The problem >> When you copy the material below, keep every line exact and leave each picture out.

Raw data >>
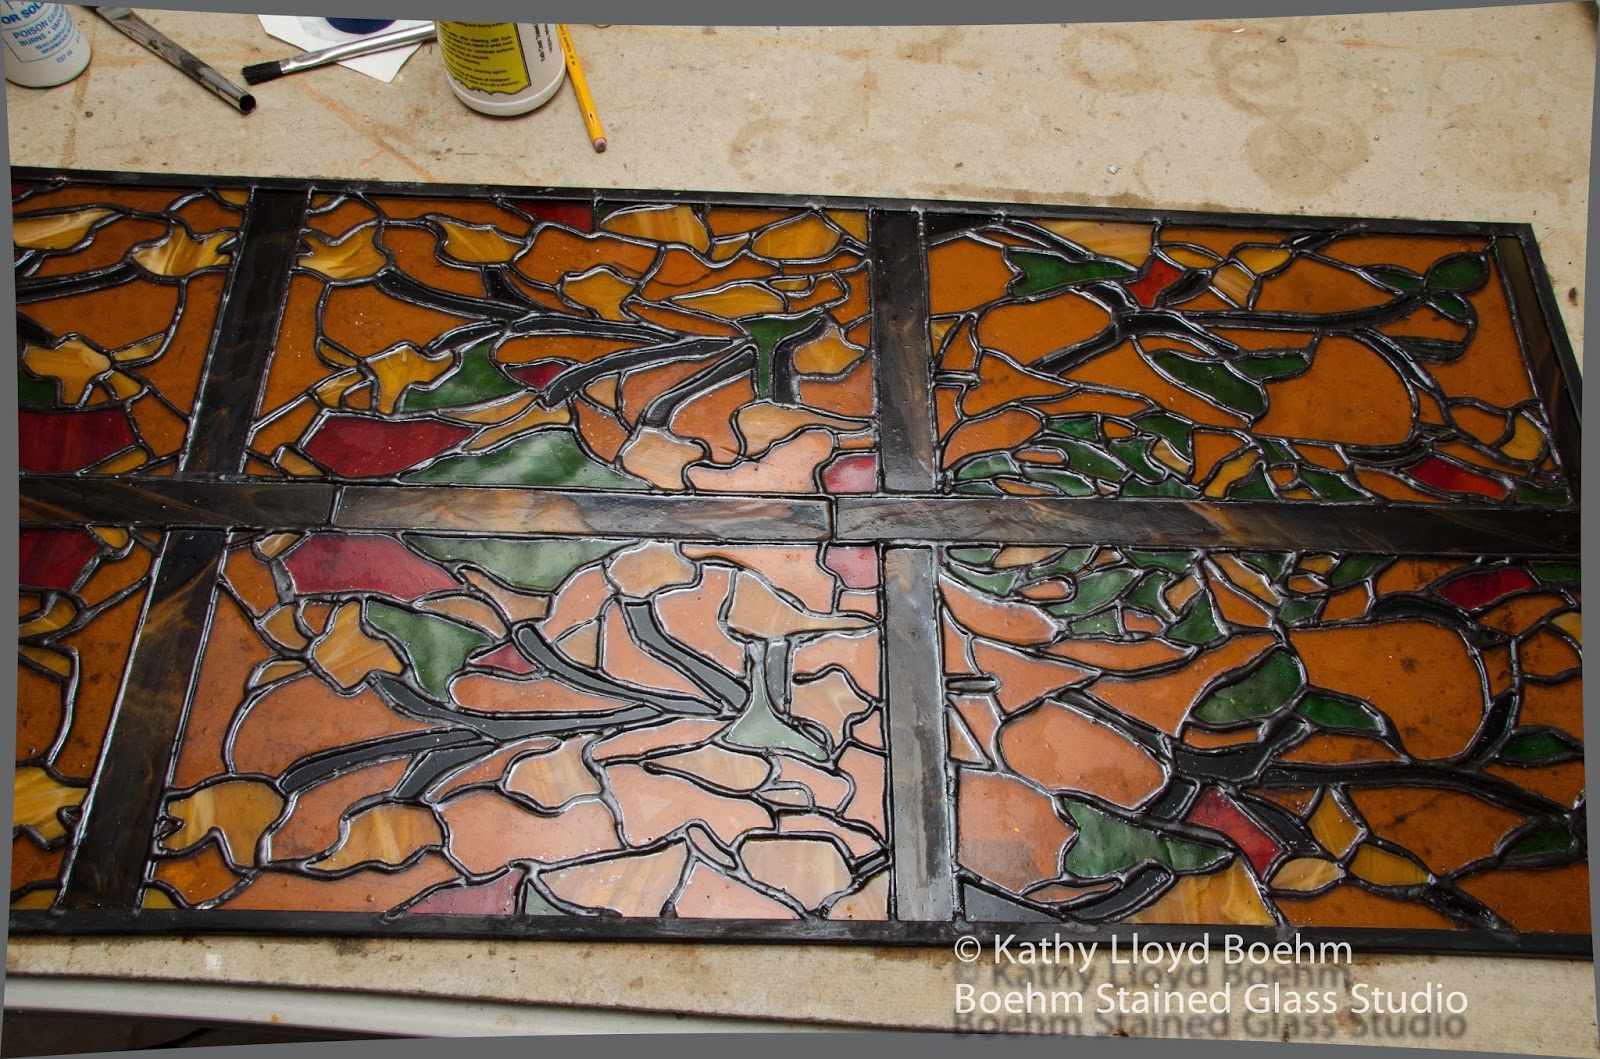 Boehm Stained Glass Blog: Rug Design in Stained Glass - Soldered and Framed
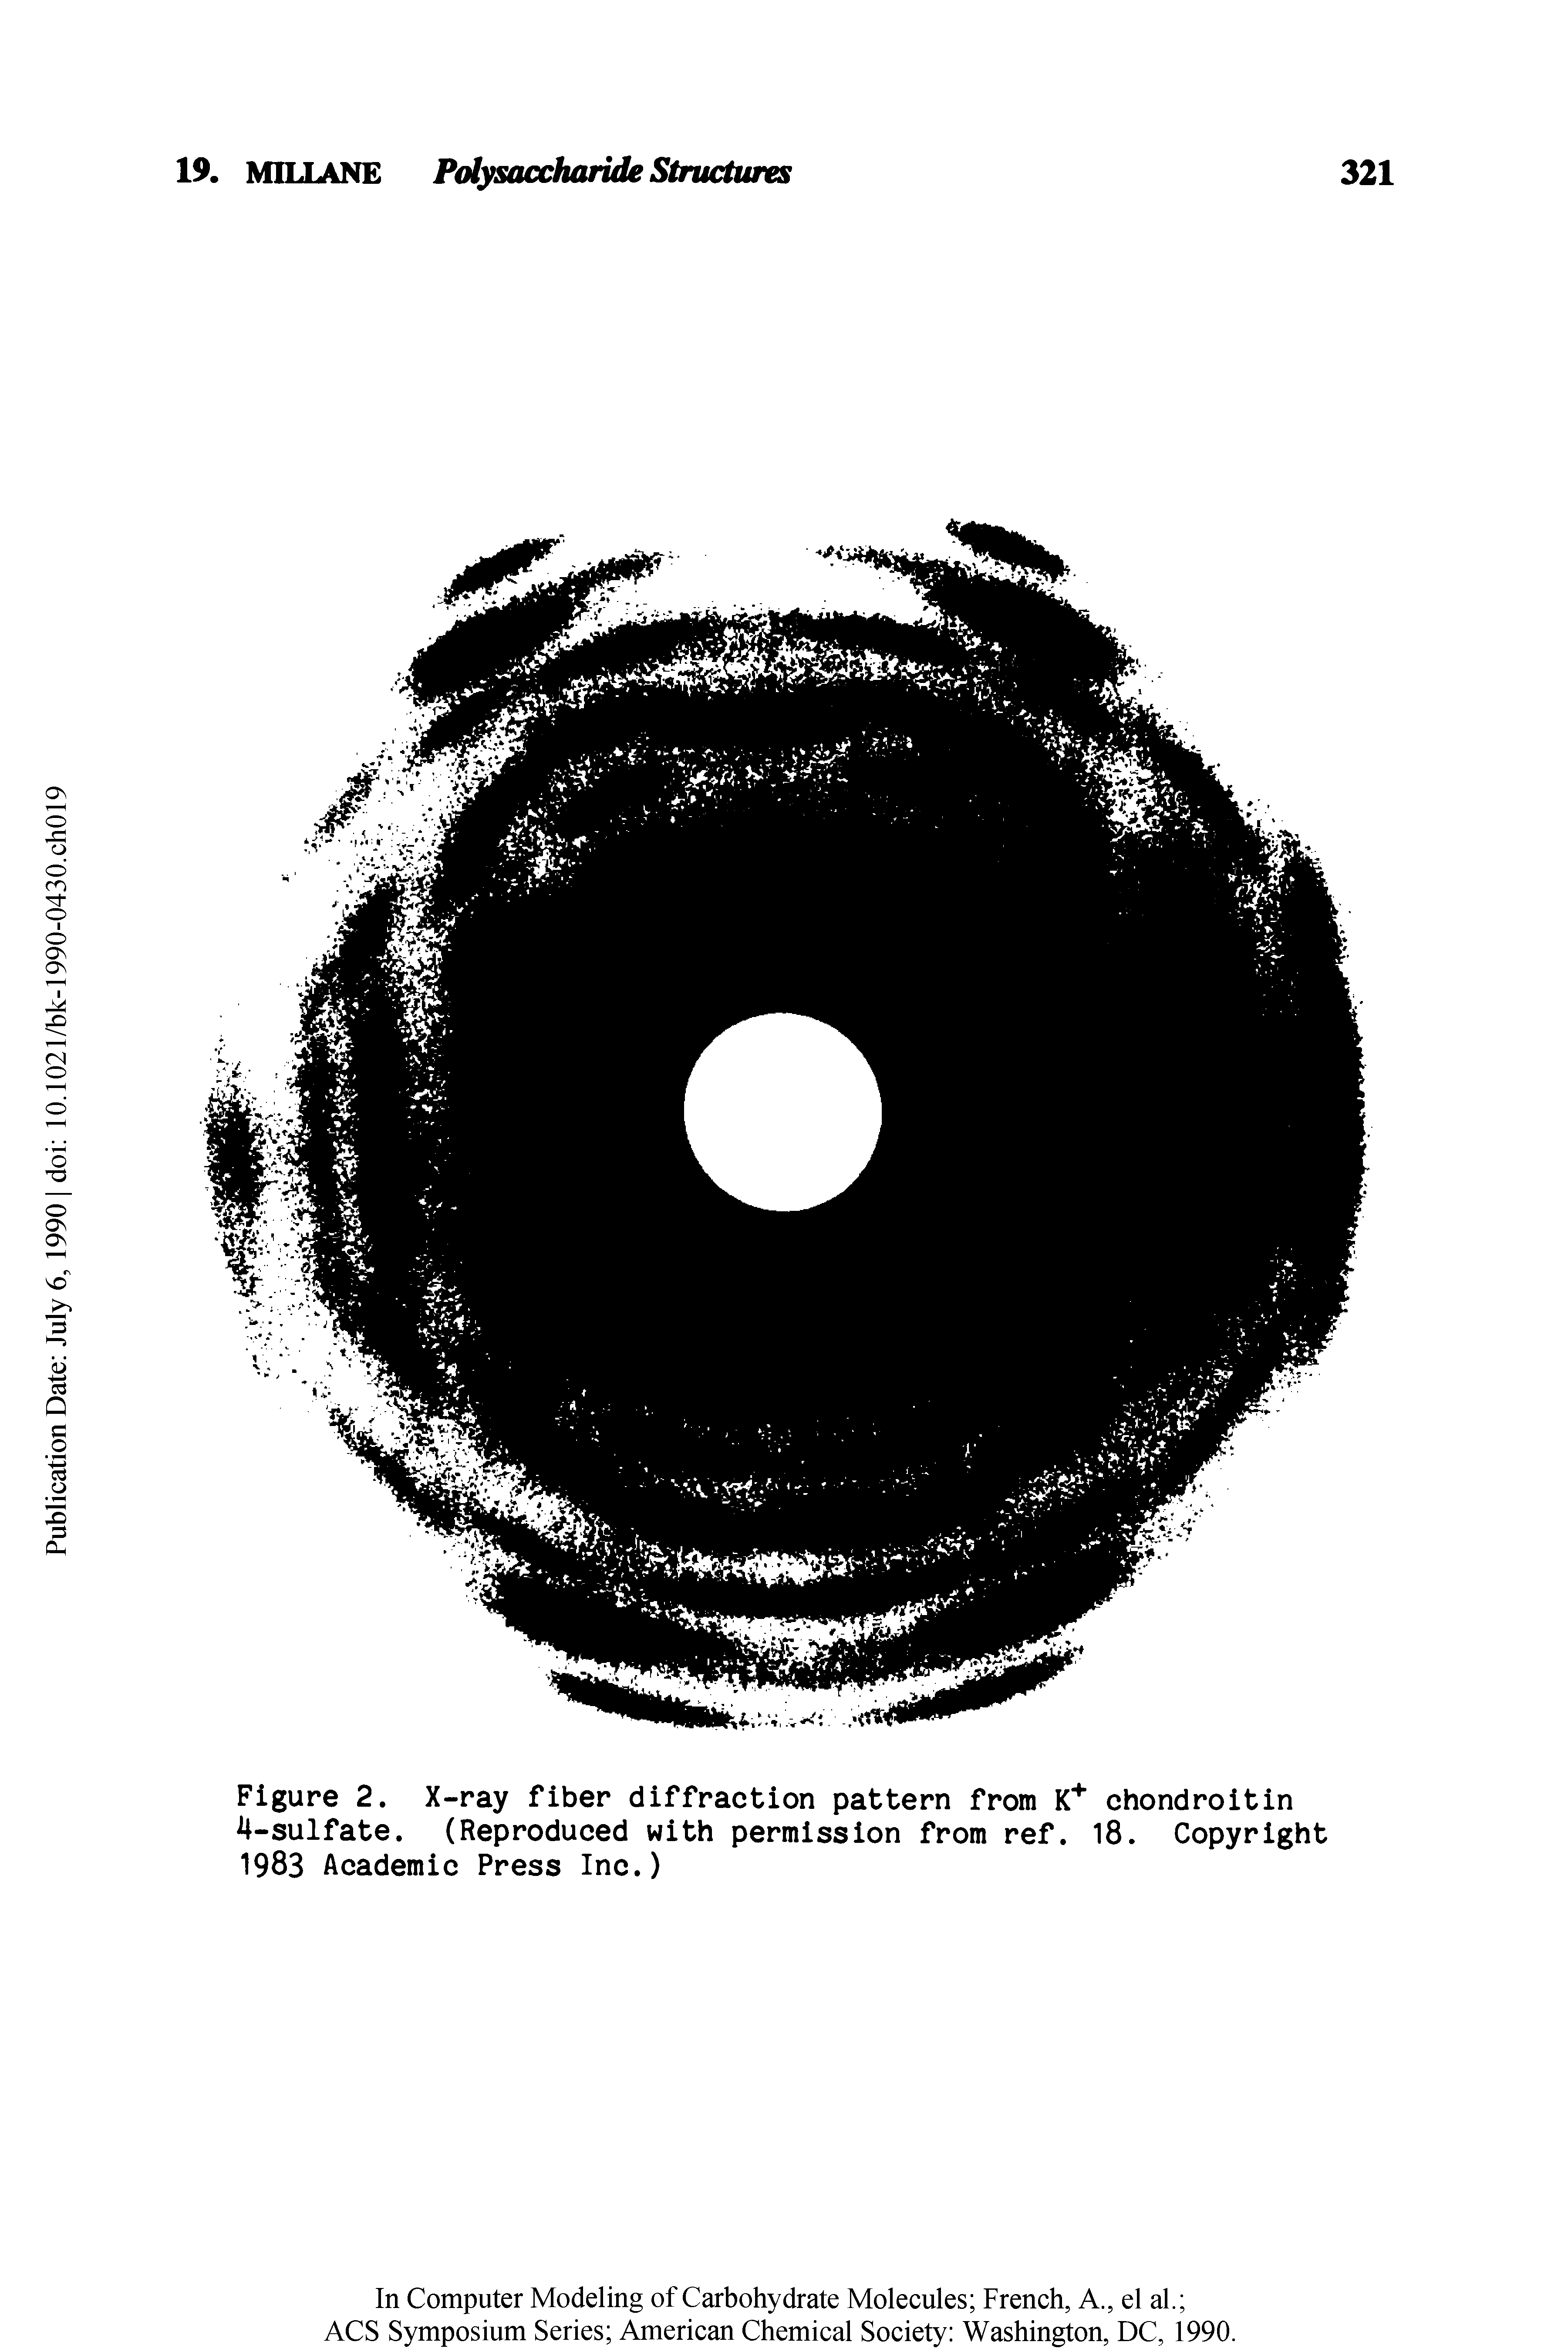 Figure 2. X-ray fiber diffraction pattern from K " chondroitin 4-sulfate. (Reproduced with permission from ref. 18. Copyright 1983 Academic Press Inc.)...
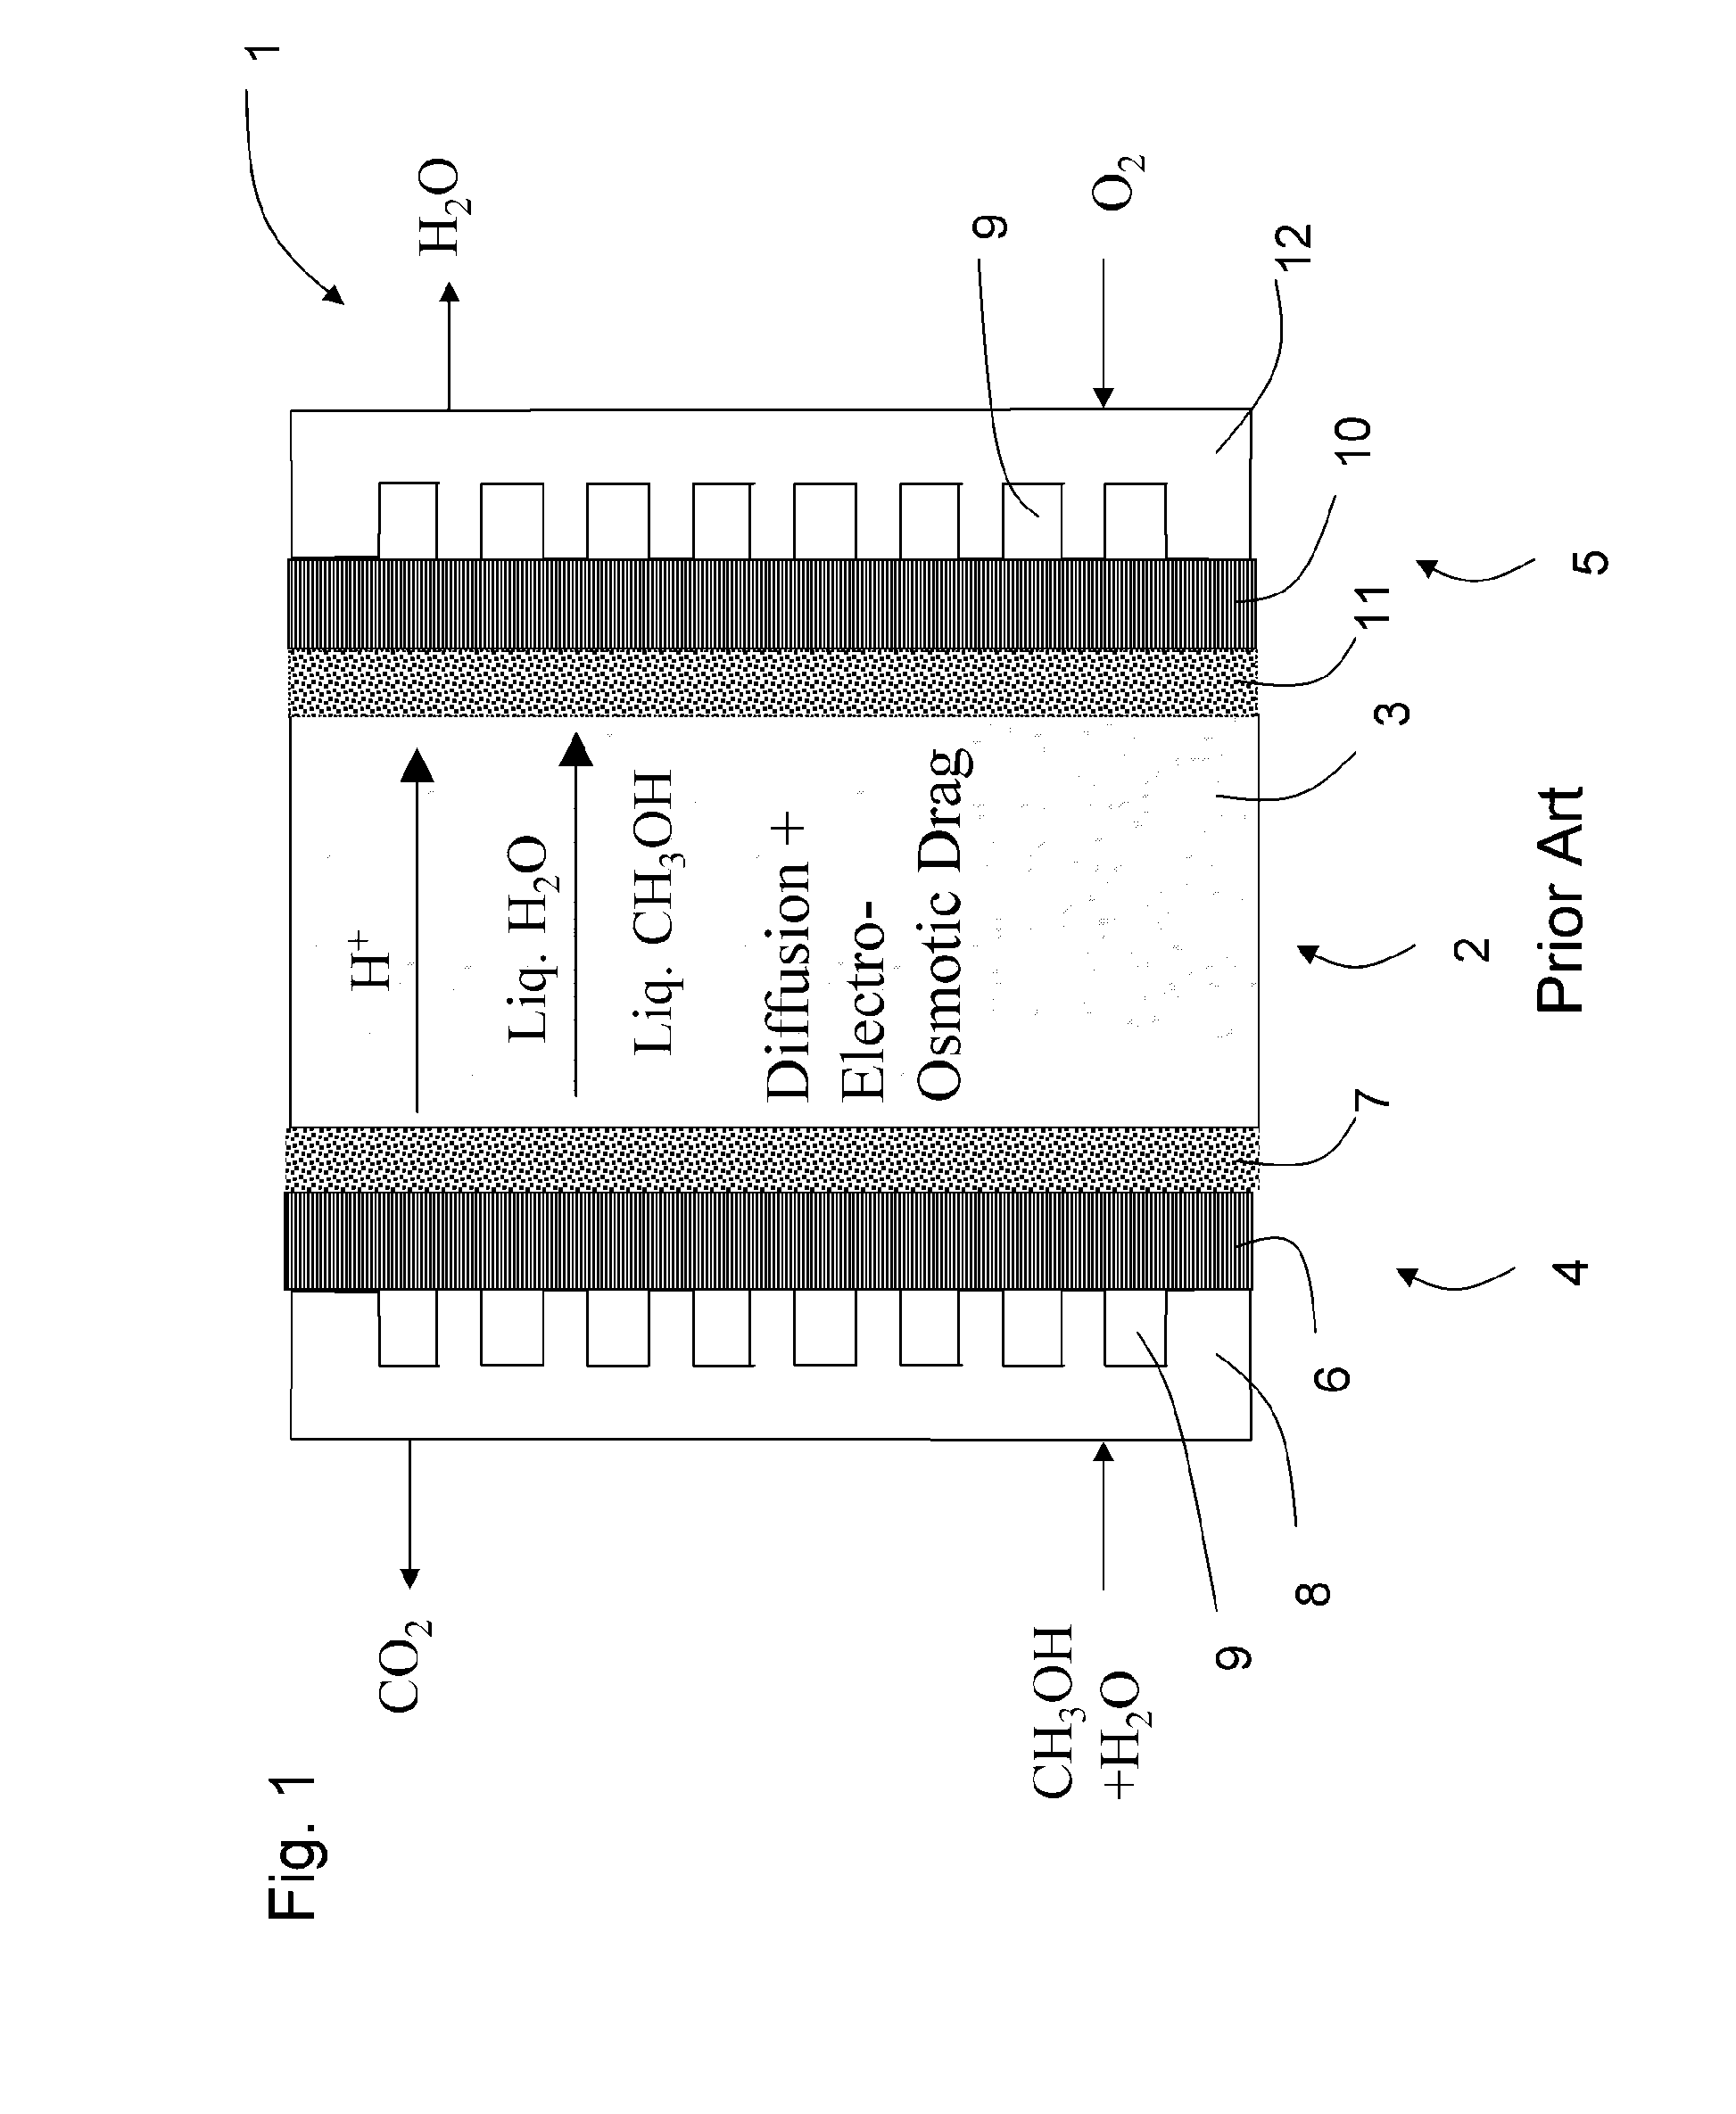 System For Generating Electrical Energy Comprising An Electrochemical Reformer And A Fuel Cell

Worked solution >>
 Boehm Stained Glass Blog: Rug Design in Stained Glass - Soldered and Framed
 Figure 2. X-ray fiber diffraction pattern from K " chondroitin 4-sulfate. (Reproduced with permission from ref. 18. Copyright 1983 Academic Press Inc.)...
 System For Generating Electrical Energy Comprising An Electrochemical Reformer And A Fuel Cell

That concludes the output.